Poof! There go my dreams of the perfect homebirth. In California, midwives are not licensed to attend twin homebirths, and birth centers are regulated by the same laws as homebirths. And while I certainly respect those who choose to birth unassisted, that path is not for me. So off to the hospital we go! I’m not happy about it, but there it is.

A fertility clinic is, by definition, a highly medicalized environment. So it probably shouldn’t have come as quite the shock it did when the first thing the (otherwise wonderful) doctor said to me after “You’re having twins!” was “So you can schedule a C-Section!” I can’t even tell you how far up her eyebrows went when I mentioned that I was still hoping for a natural, vaginal birth. Nor can I convey the skepticism in her voice as she insisted that I check to make sure my OB was on the clinic’s “approved” list, and encouraged me to keep an open mind regarding C-Section.

I have an open mind regarding C-Section.
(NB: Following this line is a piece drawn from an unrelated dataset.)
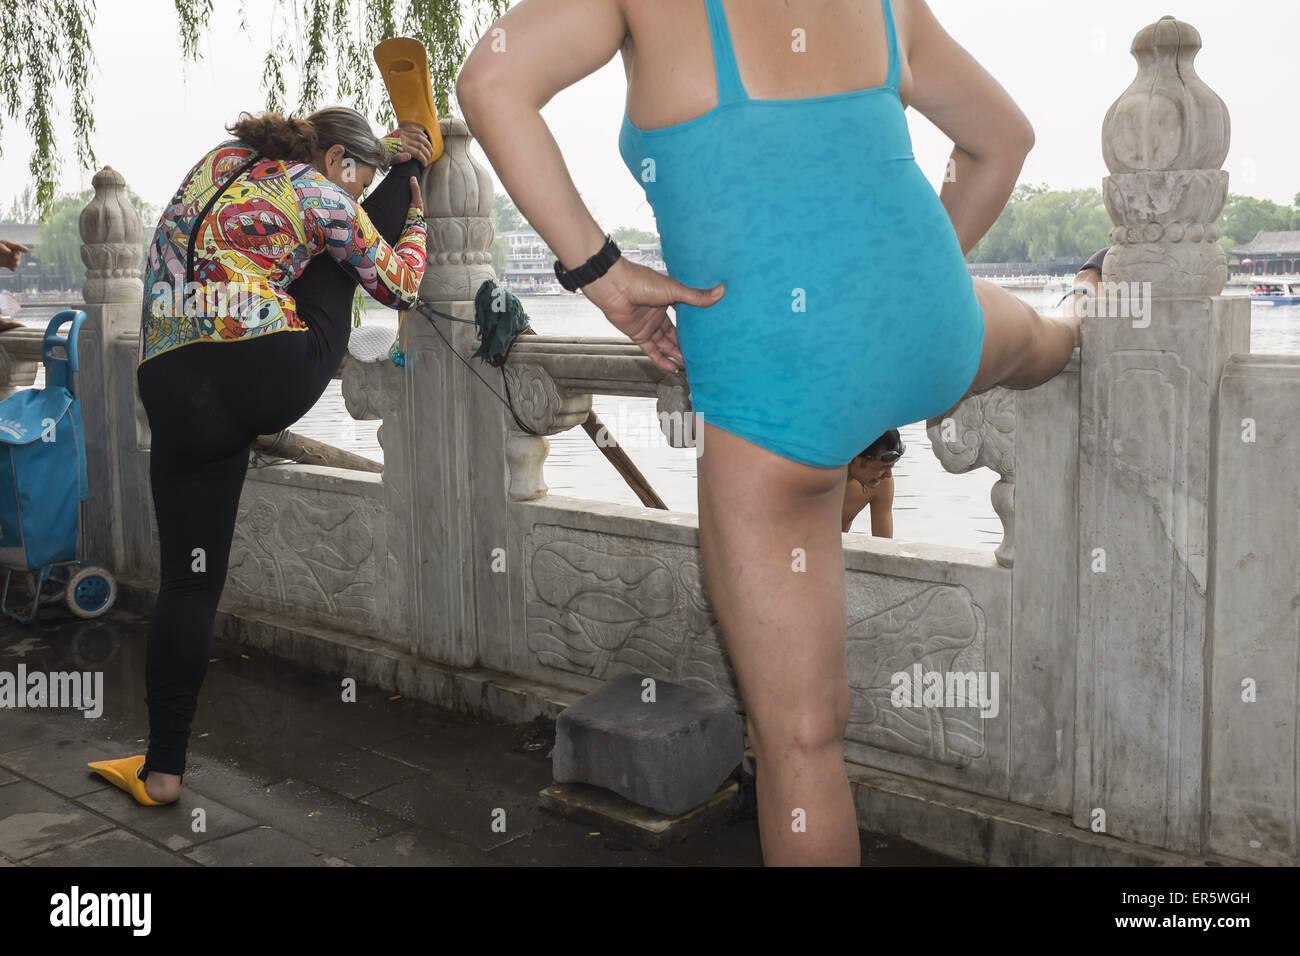 May 14, 2015 - Swimming at Shichahai, Beijing, China © Jiwei Han/ZUMA Wire/Alamy Live News Stock Photo
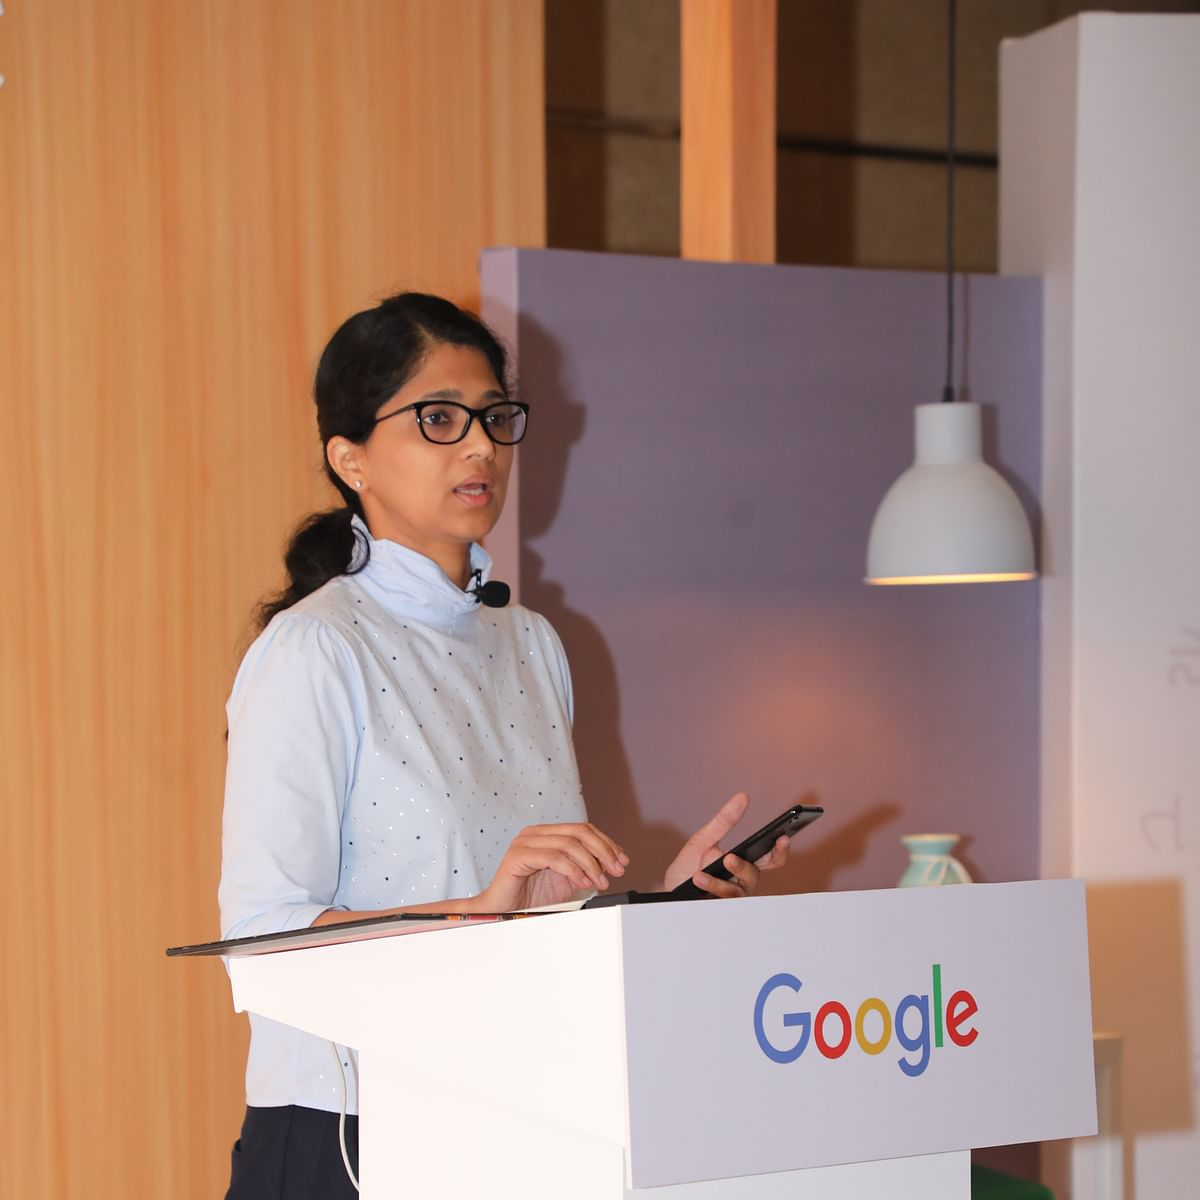 Hindi web consumption grows at over 90%, so does Google services

If I have an OB 1) who is supportive of my desire for a natural birth, 2) who has generally low c-section rates, and 3) for whom I have good references from midwives, doulas, and former patients who chose natural births, and that OB tells me that a C-Section is necessary for me and/or my babies, then I’m going to trust her or him and have the surgery. Frankly, even if I got stuck in a lousy situation without the above-described OB, and someone told me I had to have a C-Section, I’d probably have it, because I’d be too frightened not to.

But that coercive, bullying scenario is precisely what I intend to avoid through careful research, and by ensuring that the OB to whom I entrust my life and the lives of my babies has our best interest at heart – not just “hospital policy” or his or her malpractice insurance. Fortunately, I have a fantastic husband, a great midwife, and a wonderful friend who just happens to be a doula, all of whom will be there to support me through this adventure.

Yes, the most important thing is that the babies are healthy, but a C-Section is major surgery, and doesn’t automatically equal a healthy baby. Nor does it automatically equal a healthy mother. When it’s necessary, it’s necessary, and while of course I’m glad it’s an option available in those cases, the fact is that almost 30% of births in this country right now are C-Sections, and they’re not all necessary.

Reproductive freedom is not only about choosing whether to give birth: it’s also about choosing how to give birth. I support every woman’s right to make that decision for herself, and to be fully educated as she works through her decision-making process. This is my choice, and my opinion, and I reserve the right to change my mind at any time up to and including several years after the babies are born.